# Sold - Texas Outback Becoming A Colorado Outback



## dunn4 (Feb 16, 2008)

Our 2008 Outback sold today to a nice family in Colorado. We shed a few tears listing the camper and then a few today after the transaction,







but we will still be camping. Going back to our roots (tents) when we can get a bit of free time in the busy school, sports, scouting, and work schedule.

I will lurk here occasionally as I love to read about the adventures and the solutions given for any kind of problem. I do not know how many times I referred to the folks at Outbackers.com while talking about our camper, the modifications, or little tips we learned from this friendly, resourceful site. To the originator and administrators, thanks for getting it going and keeping it going.

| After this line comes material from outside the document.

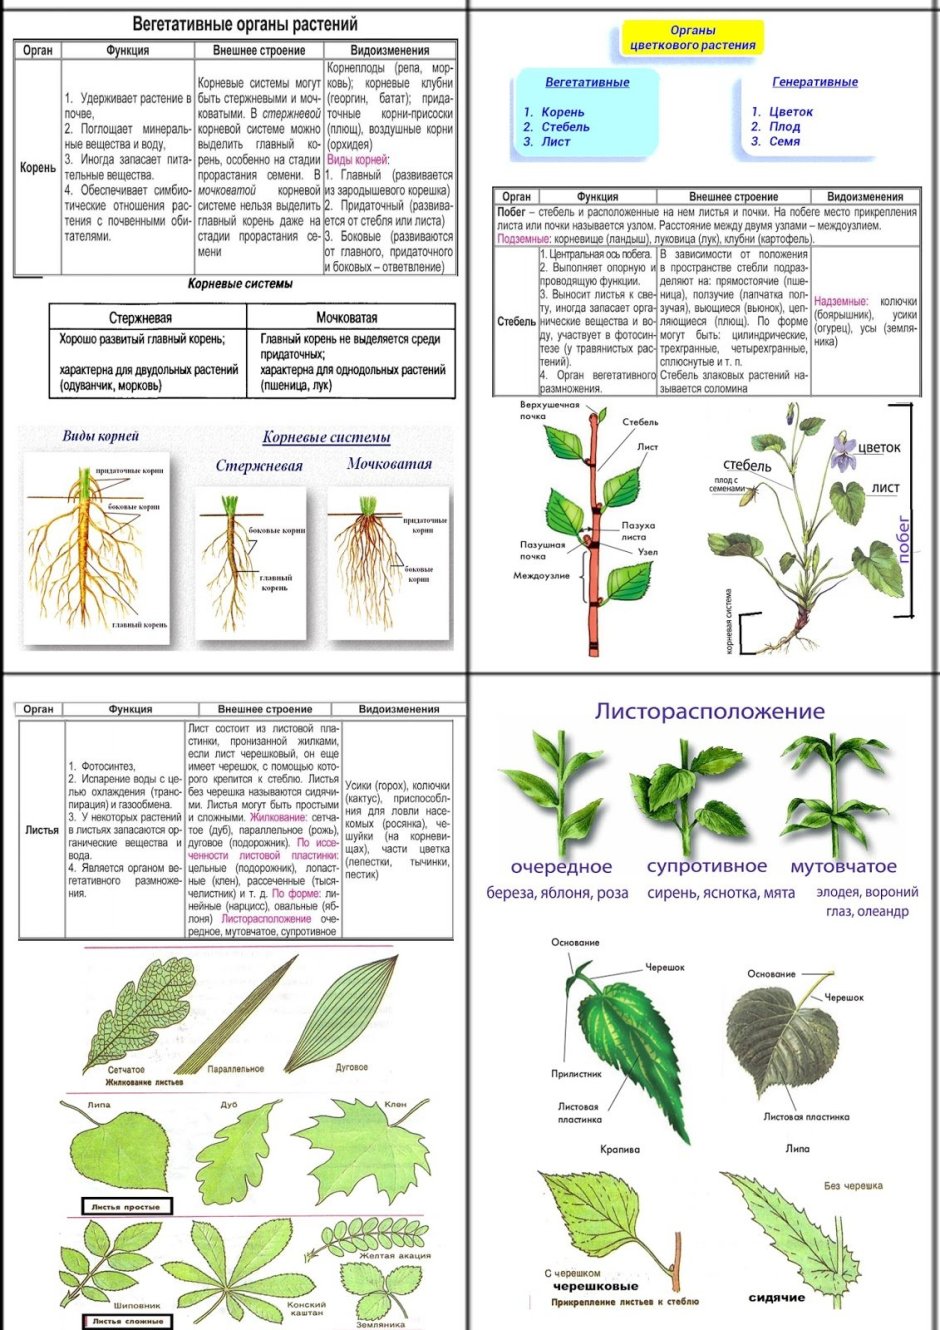 Вегетативные органы растений и их функции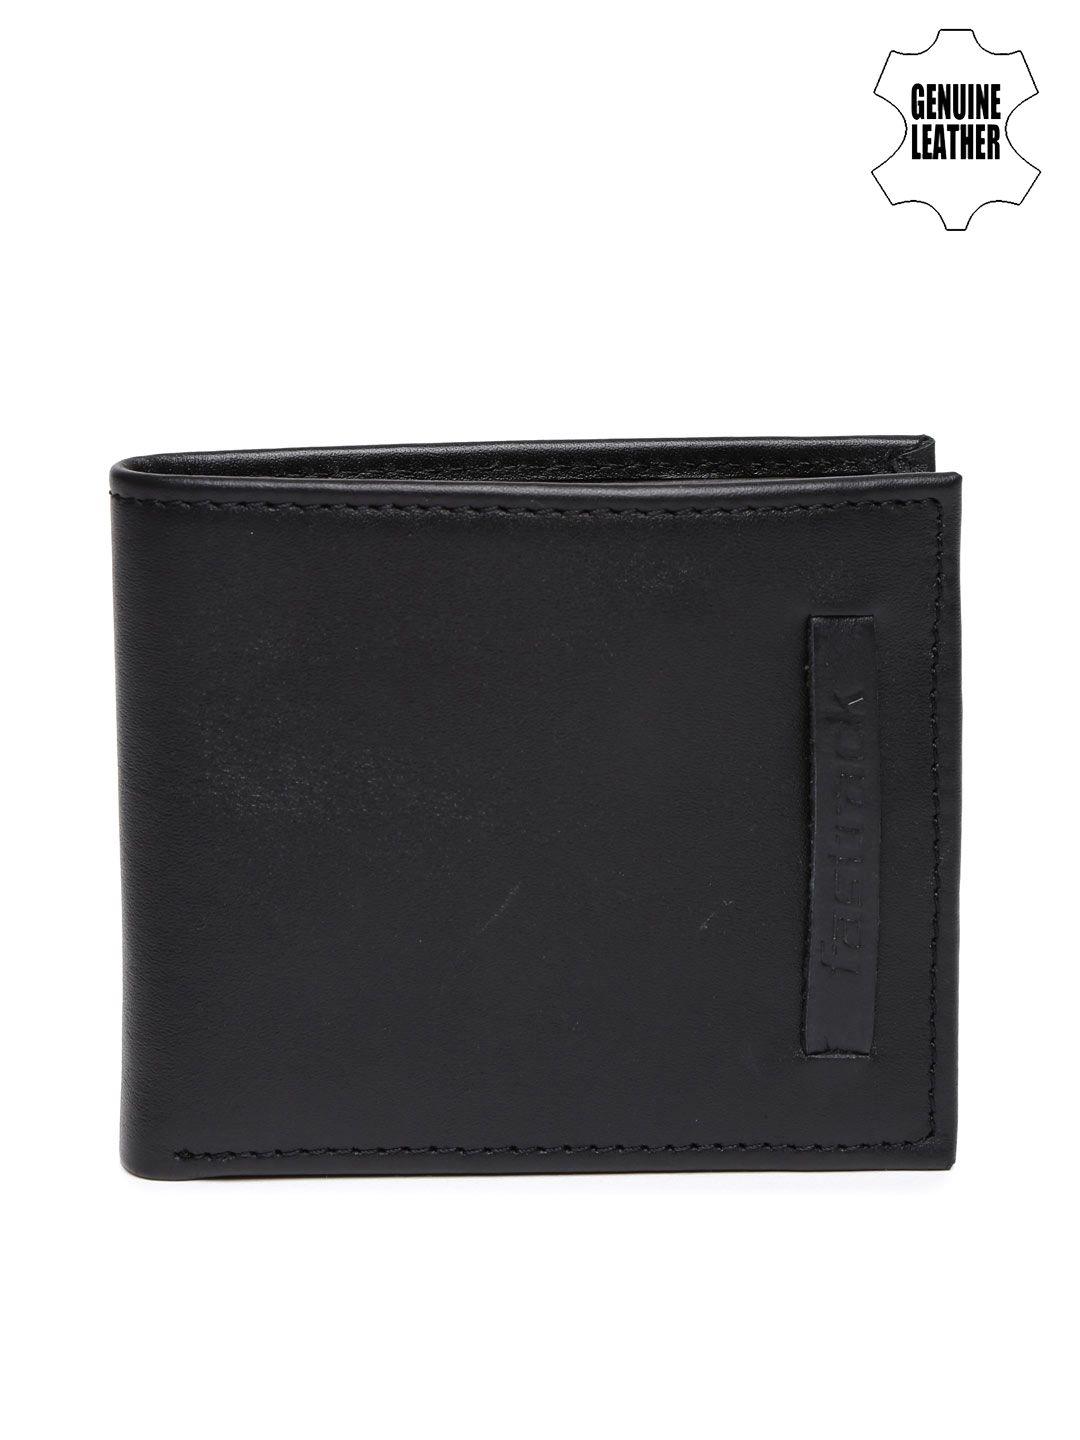 fastrack men black leather wallet

All the best and happy camping


----------



## mswalt (Sep 14, 2004)

Congrats on the sale. Maybe the new owners will join the forum, too!

Good luck.

Mark


----------



## Joe/GA (Aug 14, 2009)

Congrats on the sale and sorry to hear that you are Outbackless. Perhaps one day, you'll buy another Outback! In any event, stick around and tell us about your tent camping adventures!


----------



## Nathan (Jan 2, 2007)

Downsizing is ok!









x2 on sharing camping stories. We all have the same general goal in mind: Camping!


----------